ArcheoFOSS 2020
SPARQLing ᚑᚌᚆᚐᚋ: Publication of Irish Ogham Stones as LOD
Sophie C. Schmidt
https://orcid.org/0000-0003-4696-2101
Sophie C. Schmidt, M.A., is a Prehistorian and Computational Archaeologist who focuses on geospatial and statistical analyses and open research practices. She worked as a research associate at the University of Bonn and the Cologne Digital Archaeology Lab (CoDArchLab), teaches courses and workshops on statistics in the programming language R and reproducible research and is interested in archaeogaming, analysing the representation of the past in digital games. She is also a member of the Research Squirrel Engineers working group as well as the international CAA and the German chapter.
Florian Thiery
https://www.linkedin.com/in/florianthiery/
Florian Thiery is a geodesist by training and Research Software Engineer and founder of the Research Squirrel Engineers working group. He is a member of the Scientific Committee of the Computer Applications and Quantitative Methods in Archaeology (CAA) as well as of the CAA Special Interest Group (SIG) on Semantics and LOUD in Archaeology (SIG-DataDragon). His research focuses on semantics and data modelling, especially Linked Open Data in archaeology. He studied in Mainz (M.Sc.) and worked at the Institute for Spatial Information and Surveying Technology in Linked Data projects like ChronOntology and Labeling System.
In this paper we present a project by the working group ‘Research Squirrel Engineers’ (http://squirrel.link) on the digitization and provision of Irish Ogham Stones in Wikidata as Linked Open Data (LOD).

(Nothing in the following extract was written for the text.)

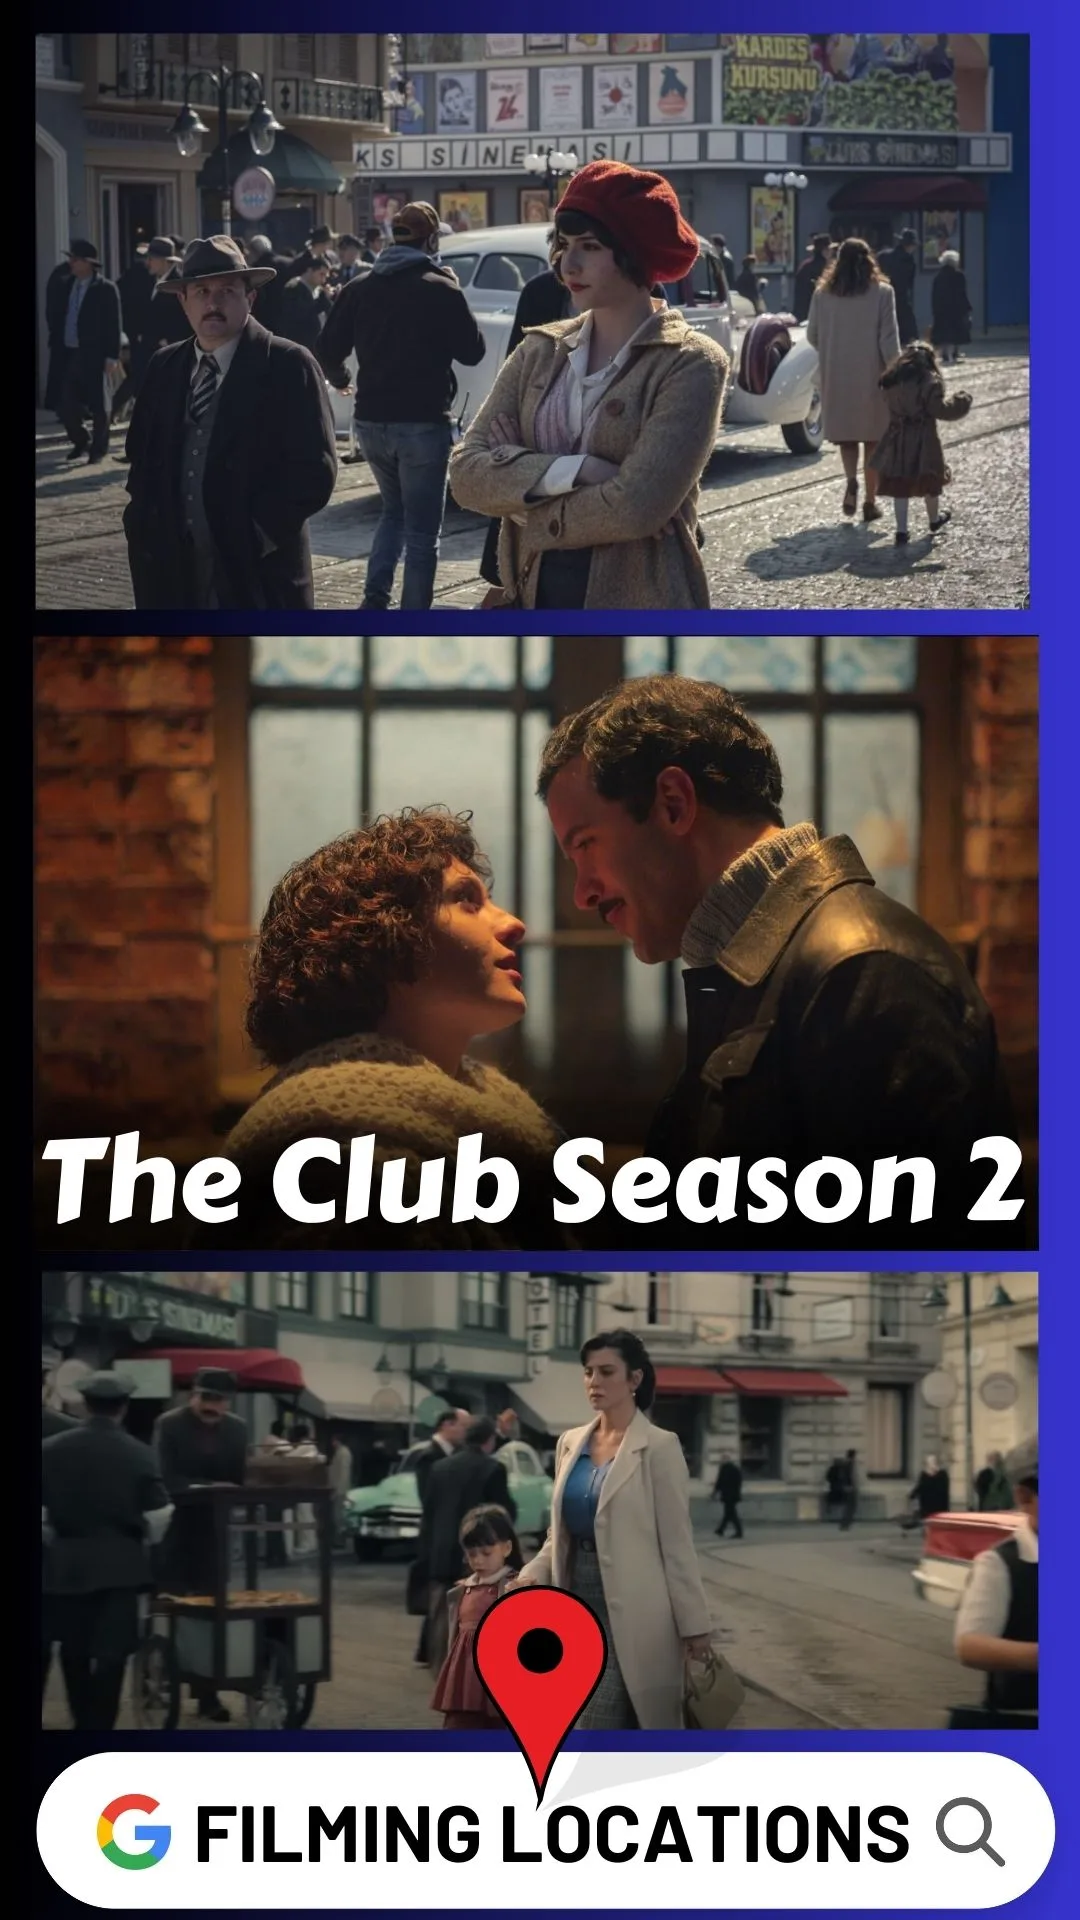 The Club Season 2 Filming Locations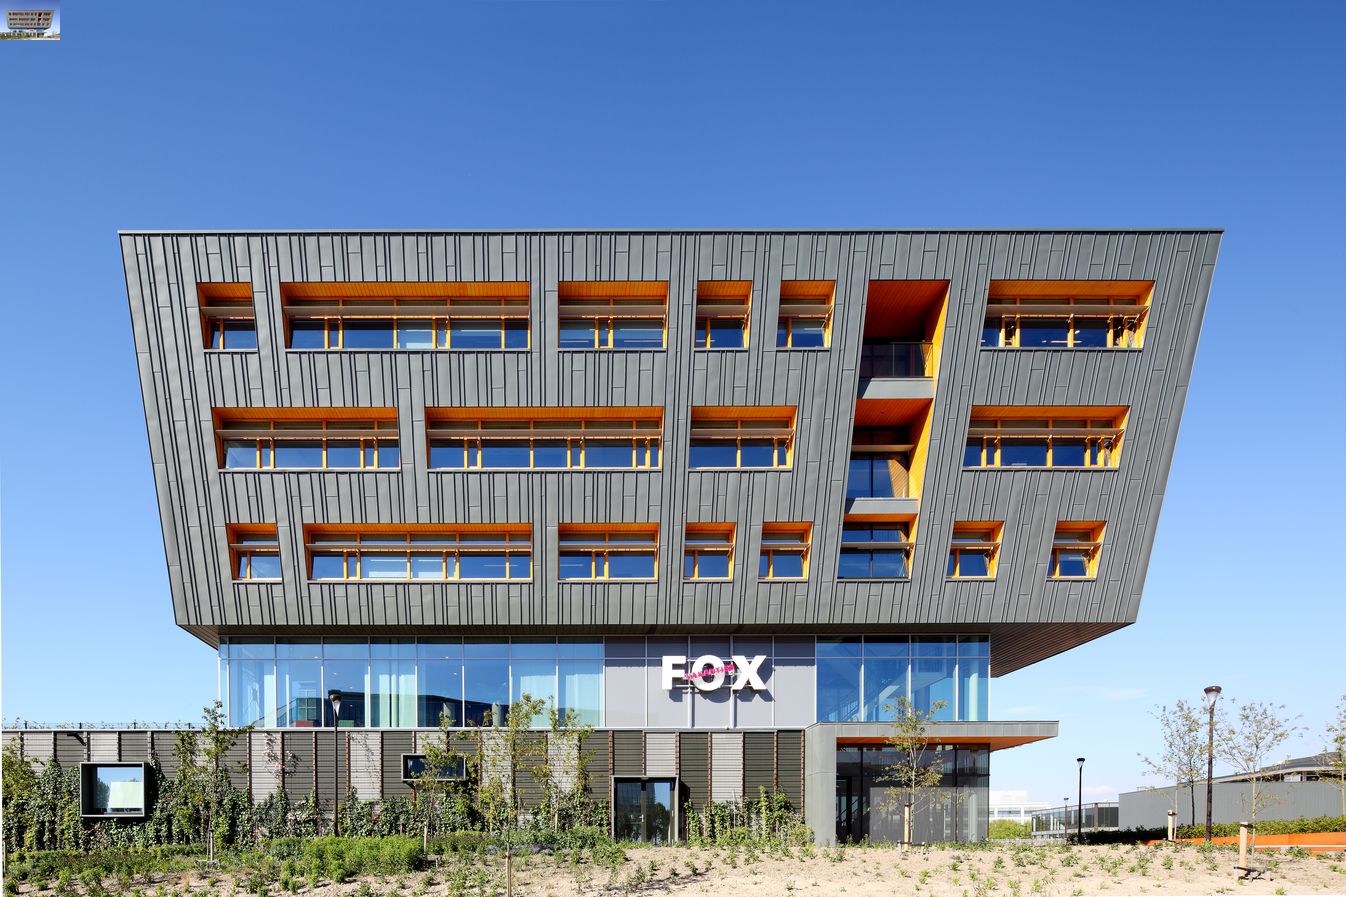 FOX Vakanties, Netherlands, C2C certified, facade: RHEINZINK-prePATINA graphite-grey, angled-standing-seam

Ogham Stones are monoliths inscribed with the Ogham (ᚑᚌᚆᚐᚋ) script, erected in Ireland and the western part of Britain (Wales, Scotland, Cornwall, Devon, Isle of Man) between the 4th and 9th centuries. The standard work on Ogham inscriptions is the Corpus Inscriptionum Insularum Celticarum (Macálister 1945,1949). In it, Macálister establishes the widely used numbering scheme CIIC and describes two different types of words: formula words and nomenclature words. Examples of formula words are MAQI ᚋᚐᚊᚔ (son, e.g. CIIC 203, Q67978531) or MUCOI ᚋᚒᚉᚑᚔ (tribe/sept, e.g. CIIC 197, Q69388229). Examples of name components (nomenclature words) are CUNA ᚉᚒᚅᚐ (wolf/hound, e.g. CIIC 154, Q68002826) or CATTU ᚉᚐᚈᚈᚒ (battle, e.g. CIIC 58, Q70892430). Other names refer to possibly divine ancestors, e.g. the god Lugh (LUC ᚂᚒᚌ) appears in many names like LUGADDON ᚂᚒᚌᚌᚐᚇᚑᚅ (cf. CIIC 4, Q70899515). The combination of formula and nomenclature words leads to inscriptions that feature kinship or tribal relations. Examples are: X MAQI Y → X son of Y (e.g. Q69389090) or X MAQI MUCOI Y → X son of the tribe Y (e.g. Q69388229). These triples of information lend themselves well to a representation as a linked-graph-network. So do the results of the linguistic analysis of the stones: As the stones are often damaged, different ways of reading and reconstructing them abound. These differing interpretations can be placed next to each other and easily expanded within a graph database system. In addition, personal relationships and spatial topologies can be visualized and analyzed very well with graphs. The major challenge, though, is that all this data is available in books or non-open-access online databases. Therefore, the Squirrels established a workflow for digitising the analogue data and publish the ᚑᚌᚆᚐᚋ stones as LOD. The aim of our project is to enable the reproduction of analyses based on the analog CIIC catalog and enhance the database with Linked Open Data available online. By publication as LOD, the data becomes machine-readable, and available for any interested person, thereby also enabling citizen scientists all over the world.
As we know, LOD has become the de facto “quasi-standard” for the storage of humanities data in a semantically modeled cloud. There are several possibilities to host this modelled and published LOD: (a) create your own ontology, formulate a triples creation process and host the triplestore with a SPARQL endpoint or (b) use well-known community based systems, e.g. Wikidata. Strategy A is based on an ontology (https://t1p.de/lnb9) with the publication using a RDF4J triplestore (https://digits.mainzed.org/squirrels). Strategy B uses the community approach: Wikidata. Wikidata allows for attribution, linking to other entities and the specification of provenance and sources. Wikidata data can be filtered, exported and further processed with different programs using SPARQL APIs, such as the SPARQL Unicorn (10.5281/zenodo.3742185).
This paper will give a deeper insight into the two semantic (LOD) modelling and publication strategies. We will discuss the pros and cons as well as the challenges of the strategies. This includes in particular the major challenge and possibility of citizen science vs. data sovereignty.